Highlights of the nine-day long event included talks by veteran BBC reporters Kate Adie and Roger Harrabin, ex-SAS man Andy McNab and journalist Sofka Zinovieff.
These were interwoven with a heated environmental debate, a hilarious murder mystery dinner, numerous writing masterclasses, a WW1 roadshow, music, poetry and wine tasting.
Chairman Debbie Martin said: “It was an excellent festival, appealing to a much wider audience than before and – most importantly - to the whole community.
“We had a wide-range of festival-goers, from mums with small children waiting to see Sir Charlie Stinky Socks author Kristina Stephenson, to seasoned attendees, avid literary lovers and people coming from as far afield as London, Cardiff and Buckinghamshire to be there.
“It was great to provide workshops for the writers in our community - as well as the readers. Our Local Voices event – promoting the work of local poets, novelists and flash fiction fans – was a sell out.
“And our environmental debate, featuring Ben Law, Maddy Harland and Polly Higgins, was thought-provoking and a great success.
“But my biggest thanks and tribute must be to the committee. Planning the festival swallowed a huge chunk of all our lives over the last year and tested patience, determination and perseverance to the limit.
“But the reward has been as I’d hoped: the biggest, boldest, bravest and best Wantage (not just) Betjeman Literary Festival ever.”

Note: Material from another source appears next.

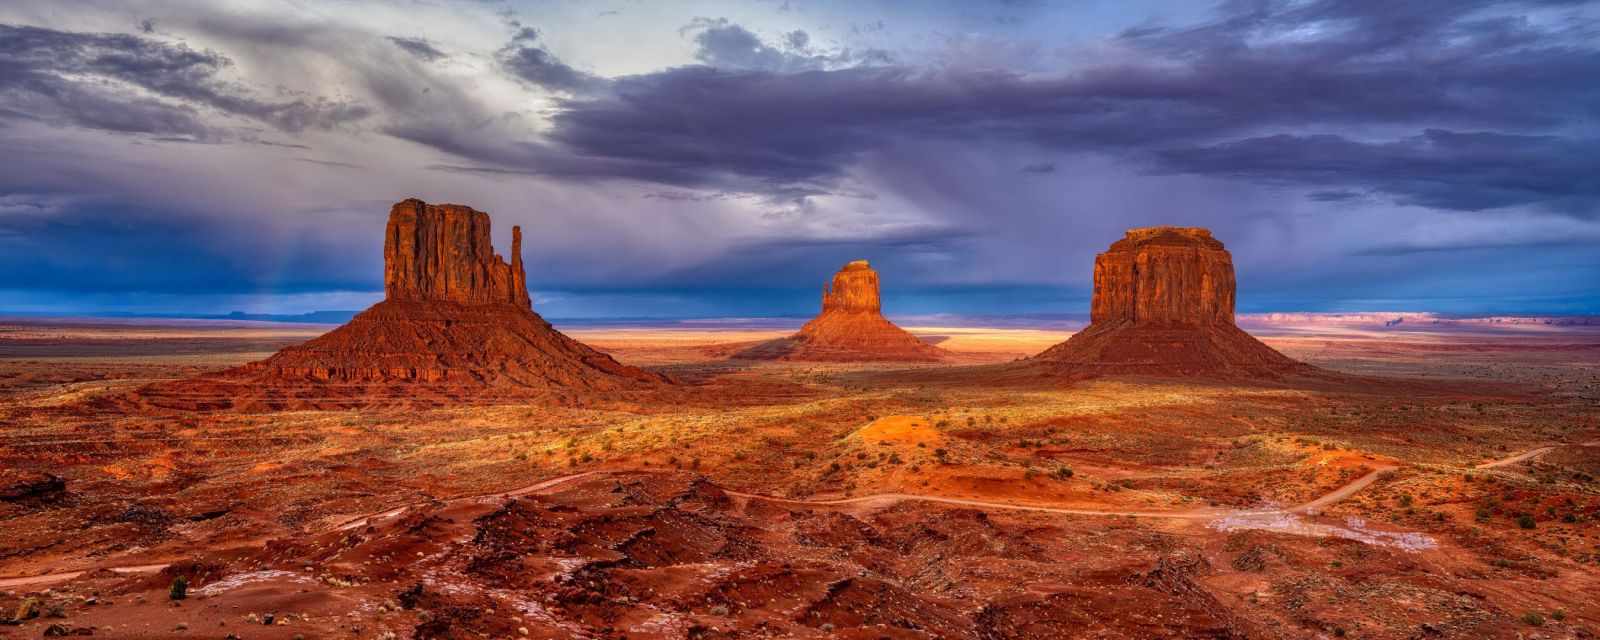 Monument Valley in Arizona - Best Time and 7 Tips

Here are some of the highlights….
Kate Adie – one of the best known faces on British television – wowed a crowd of over 300 with humorous anecdotes about her time as a BBC journalist reporting from some of the world’s trouble spots. She also delighted and informed about the role of women during the First World War, delivering an hour-long presentation – without notes – on her latest book: Fighting on the Home Front.
One of the highlights of the festival was our WW1 Europeana roadshow, held in collaboration with the University of Oxford’s IT Services department. More than 100 people brought in family stories, photos and other memorabilia from the First World War to be saved on the Europeana 1914-1918 website. They were greeted by a team of local volunteers who helped record tales from the front line, including that of Wantage milkman Jack Beechey, who was among over 600 sailors – including Lord Kitchener - who perished on HMS Hampshire in 1916.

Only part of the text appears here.